То, что та или иная страна подзадержалась в прошлом, не столько ее вина, сколько беда. Люди, стремящиеся «стырить» чужую лошадь, искренне полагают, что только так и можно жить. «Слабых бьют», – сказал в 2004 г. наш главный моральный авторитет, отменяя губернаторские выборы под предлогом бесланской трагедии. И авторитет был понят своим народом, хотя, как показало прошедшее десятилетие, отмена выборов не решила ни одной нашей проблемы, и нынче мы вернулись к «практике слабых» по велению всё того же морального авторитета.

Новая мораль приходит на смену старой не тогда, когда народу читают нотации, а когда большая часть общества убеждается, что «тырить» лошадей непрактично. И в Европе сегодня не принято «тырить» острова с полуостровами отнюдь не из-за врожденной высокоморальности европейцев (немцы еще в середине XX века тянули у своих соседей всё, что плохо лежит), а по причине неэффективности подобного поведения. Не важно, кому принадлежит Эльзас – Франции или Германии. Не важно, кому принадлежит Вильнюс – Польше или Литве. Не важно, кому принадлежит Риека (Фиуме) – Италии или Хорватии. А важно, что в условиях Евросоюза жизнь на всех спорных и неспорных территориях становится комфортнее.

Большинство людей в Европе о таких вещах дискуссий уже не ведет. Но есть, понятно, меньшинство, с этим несогласное. Для него и существует мораль XXI века: нельзя «тырить» чужое, если большинство договорилось о том, что кому принадлежит, и установило жесткие правила игры. Меньшинство подчиняется сложившимся нормам поведения, поскольку в собственных интересах ориентируется на мнение сограждан, а не на поведение индейцев далекого прошлого.

Истоки крымнашизма

Крым присоединился к России, и наше общество тут же раскололось на две группы, упорно не желающие понимать друг друга. Для одних возвращение крымских земель – признак русской весны. Для других связанные с Крымом санкции – предчувствие пропасти, в которую падает российская экономика.

Мотивация тех, кто с радостью констатирует «Крымнаш», российским демократам неясна. Понятно, какие прибыли сможет получить бизнес, отхватывающий выгодные крымские контракты. Но что, собственно говоря, приобретает простой человек, пару лет назад про Крым даже не думавший? Зачем ему «лошадь», которая корму поглотит больше, чем принесет пользы?

На самом деле приобретает наш человек чрезвычайно много. Но это своеобразные «нематериальные активы». Про них говорить сегодня немодно. И то, что российская интеллигенция предпочитает лишь следовать за модой, сейчас обрекает ее на непонимание мотивации, характерной для 80% населения страны.

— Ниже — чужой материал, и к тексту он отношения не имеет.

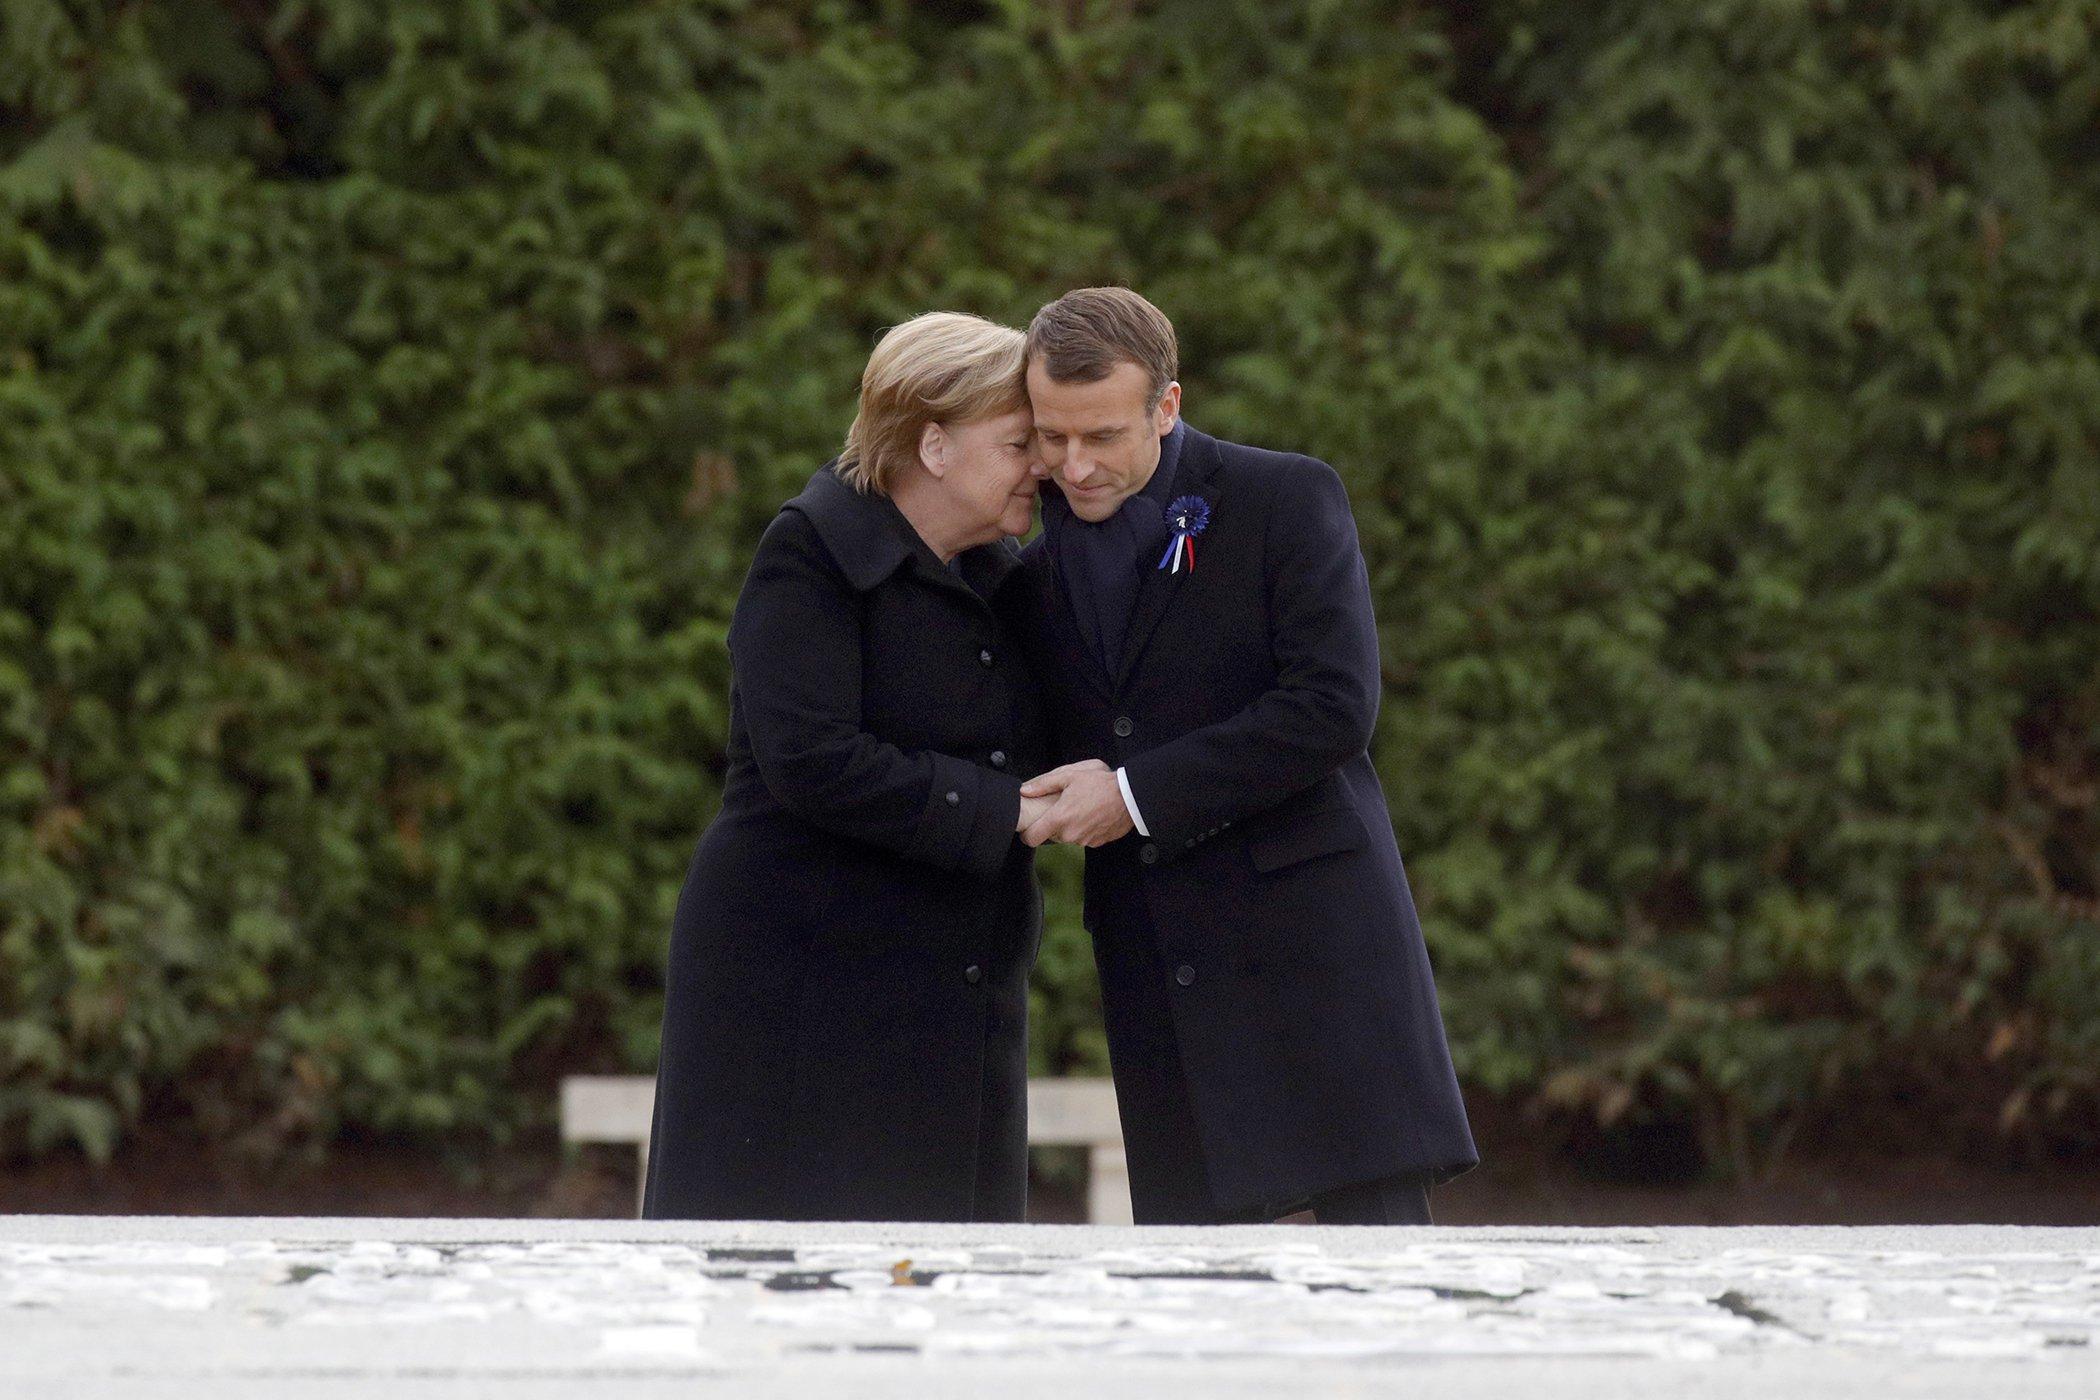 Angela-Merkel-Emmanuel-Macron-WWI.jpg

Попробуем разобраться, в чем здесь проблема. Когда-то давно русская культура формировалась в попытках понять смысл нашего существования. Героям Достоевского или Толстого проблемы смысла были ближе вопросов роста ВВП. В конечном счете отечественная интеллигенция повернулась к революции, поскольку хотела думать, что живет ради великой цели благоустройства общества, а не только для благоустройства собственной квартиры.

Увы, революция предопределила братоубийственную войну, массовые репрессии и построение такой экономики, в которой продукты распределялись по талонам. Всё чаще стали говорить о том, что благими намерениями вымощена дорога в ад. На этом фоне среди советских интеллектуалов модным стал приземленный прагматизм. Профессионализм в своем деле дает человечеству гораздо больше, чем мечты о всеобщем счастье.

Порой про таких профессионалов принято говорить, что они бездуховны. Но это совсем не так. Большое число интеллектуалов работает не за одни лишь деньги, а еще и ради творческой самореализации. Тот, кто реализует себя, понимает, ради чего живет. Однако одновременно он утрачивает способность понять огромное безмолвное большинство, которое не имеет творческой работы, хотя, как все люди, испытывает потребность видеть смысл своего существования.

Вот здесь-то, как ни парадоксально, и кроются корни крымской истории. Что должен чувствовать человек, стоящий годами у станка или раскладывающий бумаги в офисе? Возможно, на заре советской власти подобный человек ощущал, как каждый день его унылого и тяжкого труда хотя бы чуть-чуть приближает светлое будущее. Однако провал коммунистической идеи привел к тому, что вот уже как минимум лет пятьдесят никто ничего подобного не ощущает.

Данная проблема возникла отнюдь не в современной России. Все страны, которым пришлось осуществлять модернизацию, столкнулись с этим. И всюду люди нашли своеобразное решение. Проблема смысла была передоверена вождю. Естественно, лишь такому, которому человек искренне верил. И если вождь находил общее дело, сплачивавшее и объединявшее миллионы, люди какое-то время чувствовали удовлетворенность жизнью.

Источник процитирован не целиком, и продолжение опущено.